Spis treści

Querying the Semantic Web with SPARQL

Querying the Semantic Web with SPARQL

Last verification:	20180914
Tools required for this lab:	–

Before the lab

Video [minimum!]:

SPARQL in 11 minutes

Reading:

Lab instructions

During this lab we will use two services to execute SPARQL queries:

SPARQLer (a general purpose SPARQL query processor) will be used for querying RDF files.
YASGUI (Yet Another Sparql GUI) will be used for querying SPARQL Endpoints (it has more powerful editor, but it can't be used against simple RDF files )

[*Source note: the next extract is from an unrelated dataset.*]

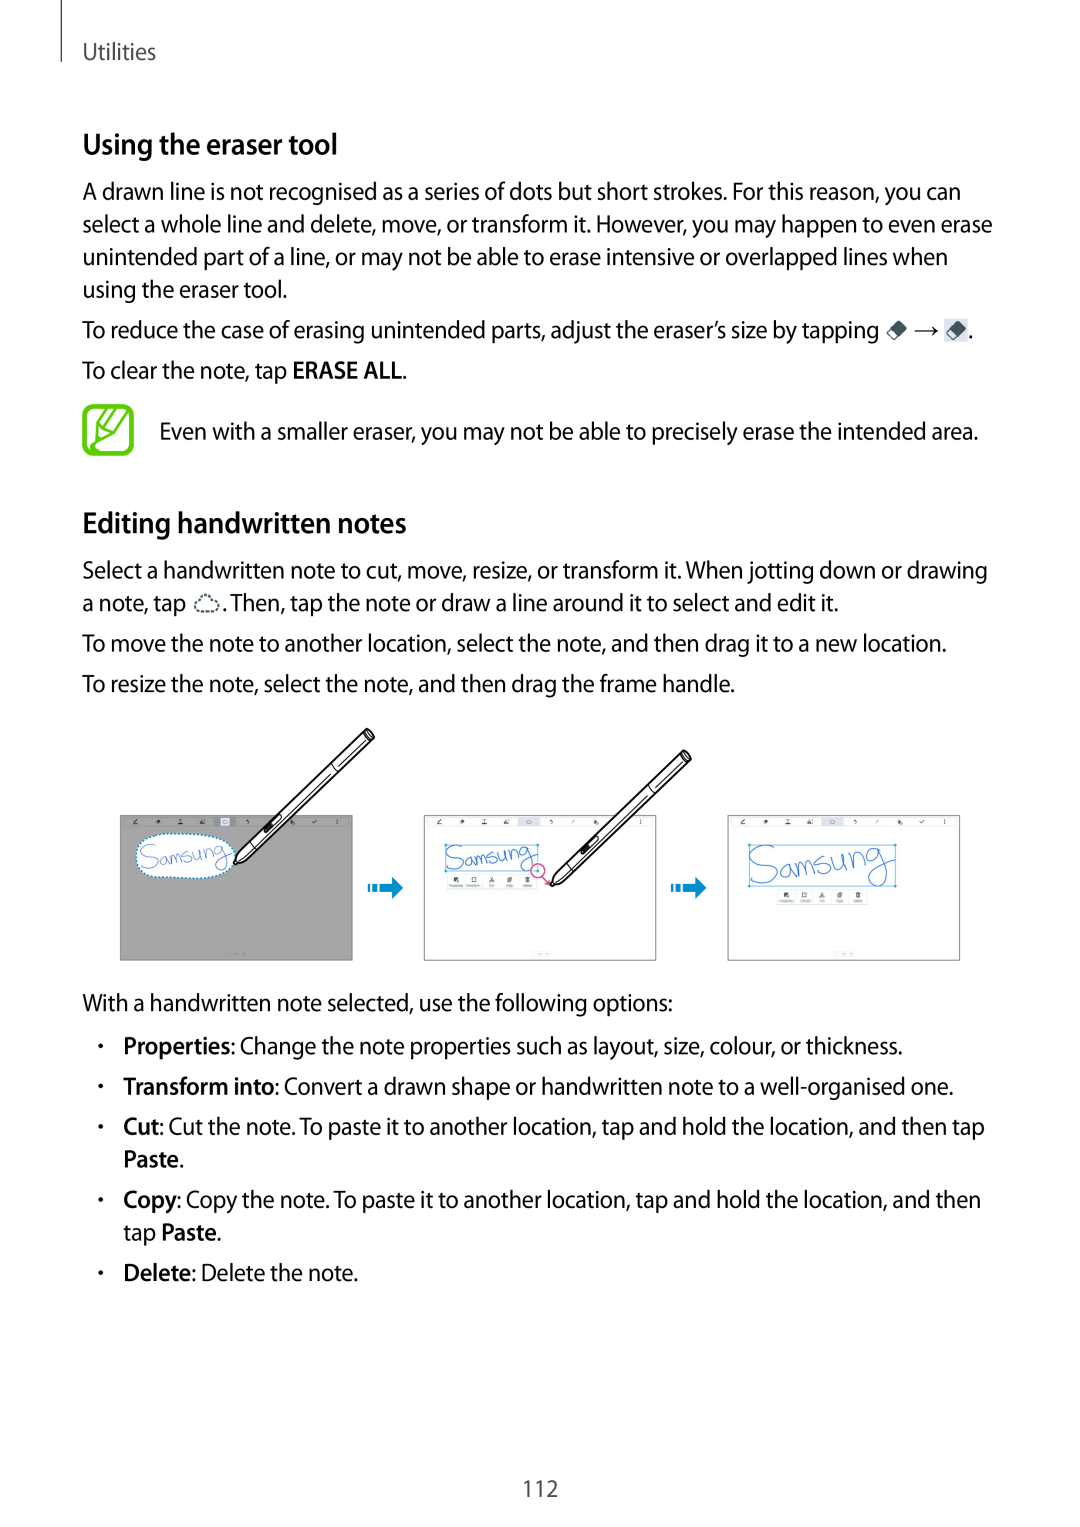 Samsung SM-P9000ZKYEUR, SM-P9000ZWAATO, SM-P9000ZKAXEO manual Using the eraser tool, Editing handwritten notes, Utilities 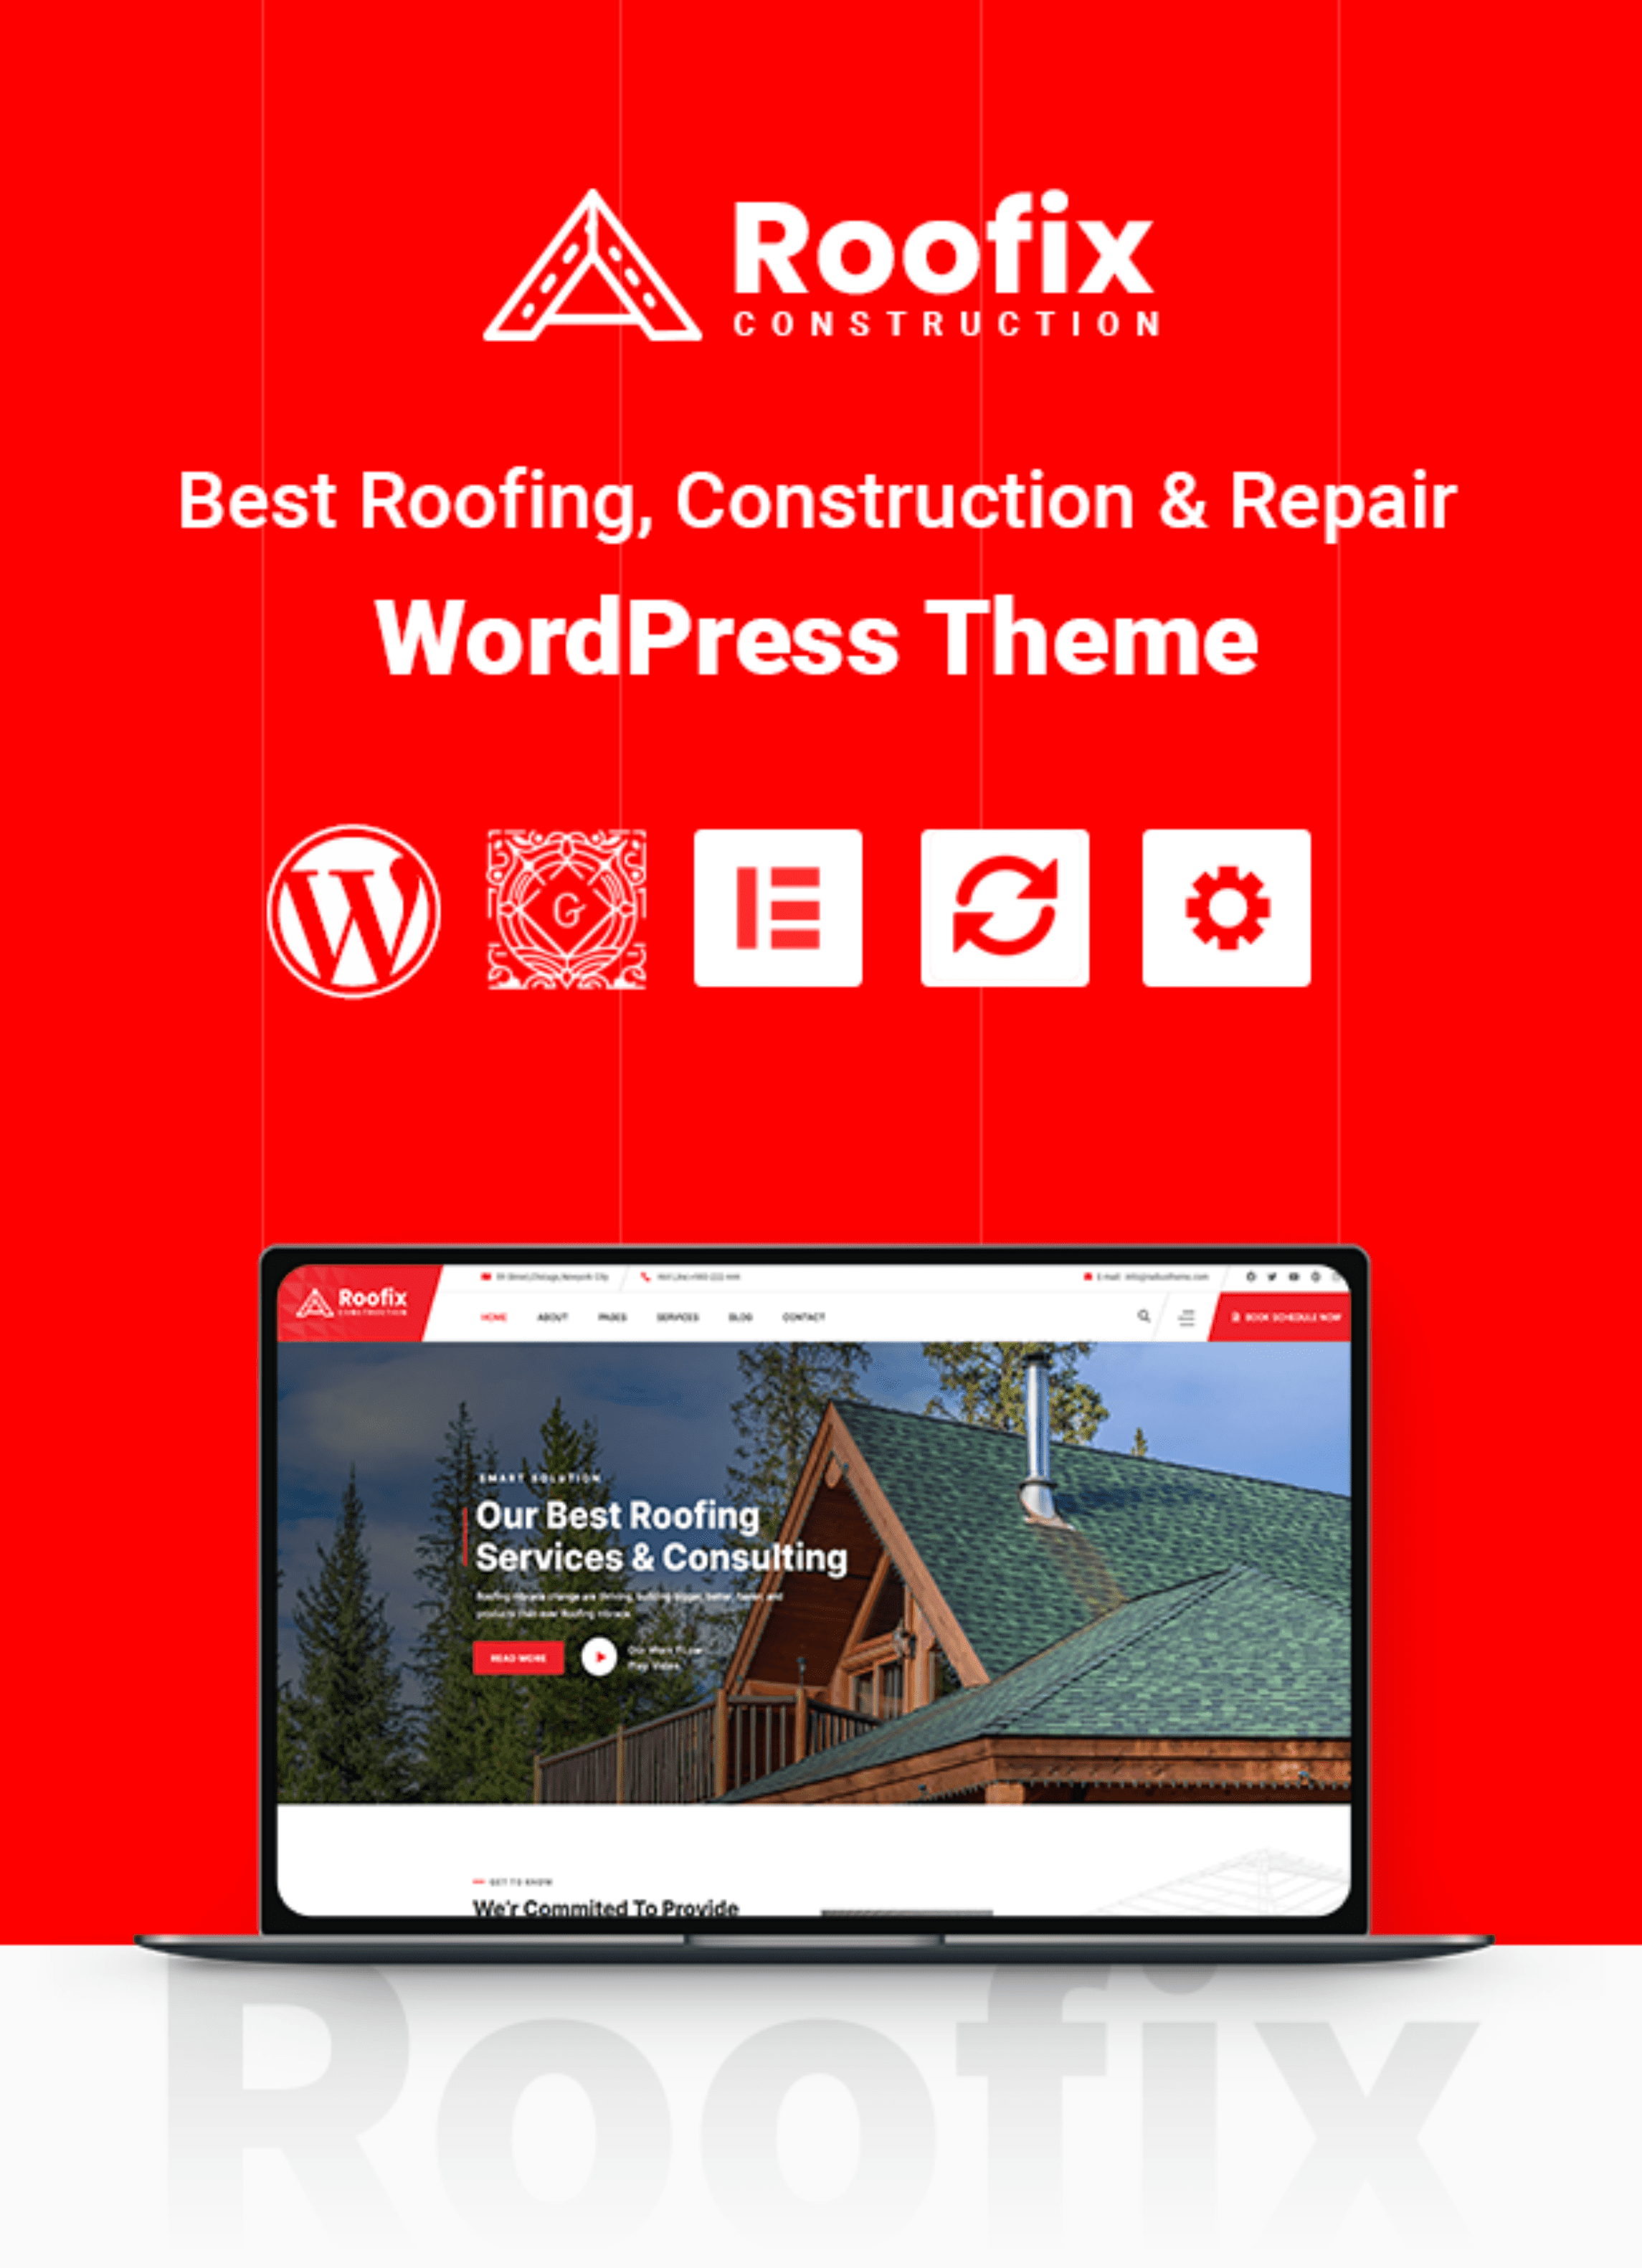 Roofix WordPress Theme

1 Introduction [5 minutes]

What can we do with our RDF models? In this section some „magic” will happen on Periodic Table saved in RDF!
Open SPARQLer.
Paste http://www.daml.org/2003/01/periodictable/PeriodicTable.owl into „Target graph URI (or use FROM in the query)” field and select text output option.
- There is also a backup (if original URI cannot be resolved): http://krzysztof.kutt.pl/didactics/semweb/PeriodicTable.owl

Run the following two queries (paste code in text field and click Get Results):

select.rq

PREFIX table: <http://www.daml.org/2003/01/periodictable/PeriodicTable#>
PREFIX xsd: <http://www.w3.org/2001/XMLSchema#>
 
SELECT ?element ?name
WHERE {
  ?element table:group ?group .
  ?group table:name "Noble gas"^^xsd:string .
  ?element table:name ?name .
}

construct.rq

PREFIX table: <http://www.daml.org/2003/01/periodictable/PeriodicTable#>
PREFIX xsd: <http://www.w3.org/2001/XMLSchema#>
PREFIX rdfs: <http://w3.org/2000/01/rdf-schema#>
 
CONSTRUCT {
  ?element rdfs:label ?name .
}
WHERE {
  ?element table:group ?group .
  ?group table:name "Noble gas"^^xsd:string .
  ?element table:name ?name .
}

Both queries run on the same dataset
Both queries extract the same data: list of all elements in Noble gases group with their names
Analyze queries and results: how they differ?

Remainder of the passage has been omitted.